According to Public Health England ‘[o]ffering a variety of physical activity opportunities, including free play, games and the fun elements of participation, as well as the more traditional sports or competitive activities, can help to encourage participation, particularly among inactive children and young people’.
“Most of our school work to date has been funded by Pupil Premium,” says Pip, “but two schools have just started to use some Sport Premium allocation to commission us to deliver active lunchtime play. As passionate advocates of active play, we understand that not everyone is sporty, or has the confidence to join a team or club. However, everyone needs to move and active play is a fabulous way of increasing physical activity levels in children. We’ve noticed a shift among schools and physical activity specialists in their thinking about sport, and how it needs to embrace and value physical activity for the contribution it makes to childhood wellbeing.
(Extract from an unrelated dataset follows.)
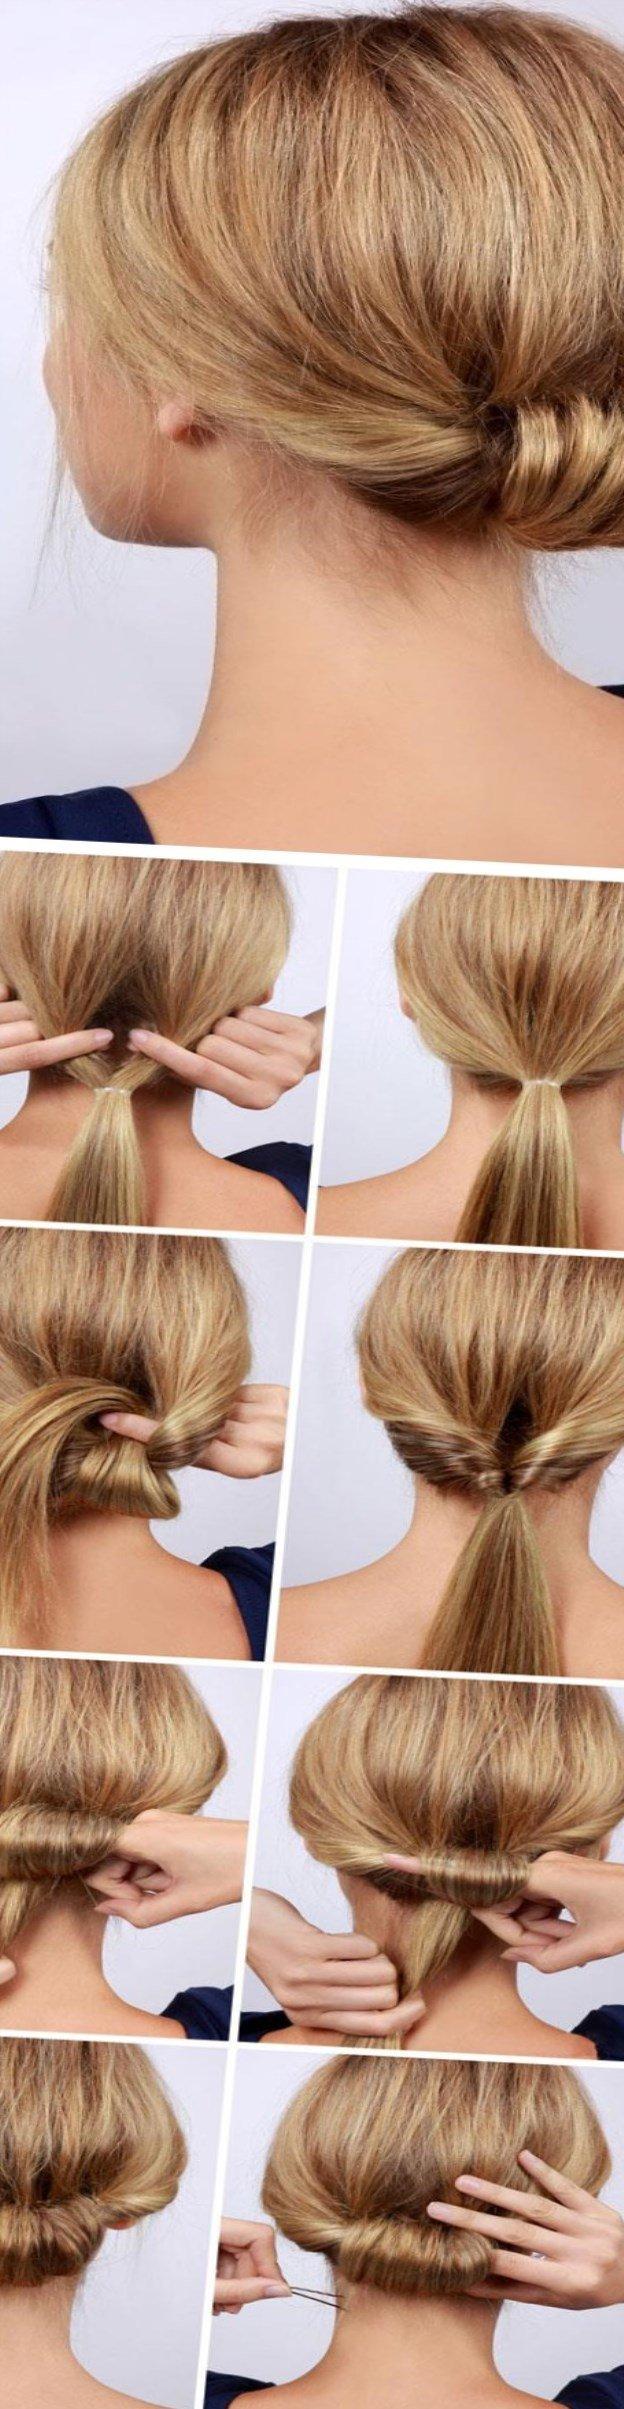 Причёски на длинные волосы своими руками на каждый день 72

For too long play and sport have been separate entities, and yet the playwork sector has so much to offer. The playwork sector needs to believe it can step over this ‘sport’ threshold and use the funding out there to push the play agenda into education, into the sporting world and into communities. Schools have increasing amounts of Sport Premium funds now available, and we are working alongside Active Gloucestershire, (our County Sports partnership) to show how active play can contribute to the five key improvement indicators that schools need to evidence.”
Dan at Scrapstore Play Services agrees. “The benefits of a regular improved play opportunity equates to real value for money and wise investment as well as contributing hugely to children’s overall development and well-being.”
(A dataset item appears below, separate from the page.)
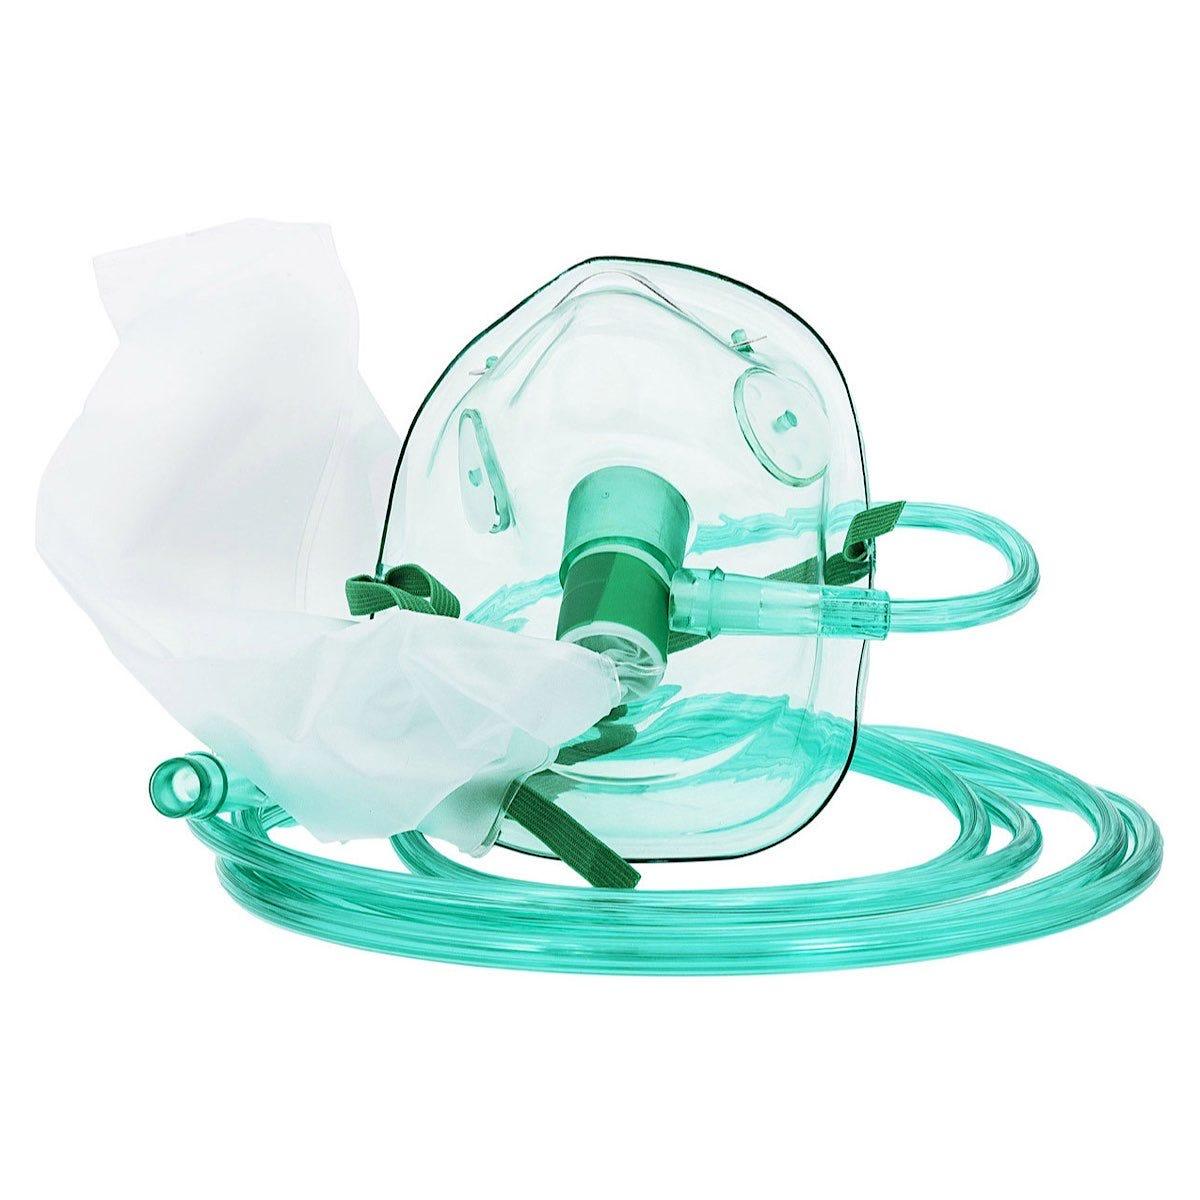 Curaplex®  Non-rebreather Oxygen Mask - Adult or Pediatric

Advice to other play providers on improving their work with schools
“At Play Gloucestershire, working with schools, in their school grounds, has been a steep and beneficial learning curve for us,” says Pip. “We have been developing our school work since the end of our community based Big Lottery Children’s Play programme funding in 2011. We recognised it was a way of extending our reach, and diversifying our income streams. We are playworkers, and our Playwork Principles are very important to us. Schools have school rules and are driven by the curriculum. The two approaches are necessarily very different, and we have to work hard to create an understanding of what we do, and why it is so important and so different. The schools we have worked with, have people in the senior management team that have an empathy and understanding of the value of outdoor play. Finally, I’d say that you need to be clear about your offer, believe in it and be brave. One school wanted us to provide a structured programme that fitted in with learning outcomes. We explained that this was all about child-led unstructured play, and that we would show how these outcomes had been met on our report card, using observations and reflective practice. It felt like it could have been a deal breaker at the time, but the school agreed to try this approach and three years later we still work there!
Matt says that Futsal found it quite hard to break down traditional views on what PE should look like. “Sometimes you may have to dilute things and then take the school on the journey with you. Once they see the results you definitely have them on board. All that said, schools are the one place that we know we can reach every child and especially those that are most in need of the work we provide. Looking at current initiatives I think we are slowly moving away from old models but it will take time.”
Dan at Scrapstore says a good tip for play providers is to appreciate that schools’ understanding of play can be very different from a playwork perspective. “Every school is on their own journey (with respect to understanding and supporting play) so facilitating a gentle and supportive approach to making improvements works better than a judgemental approach.”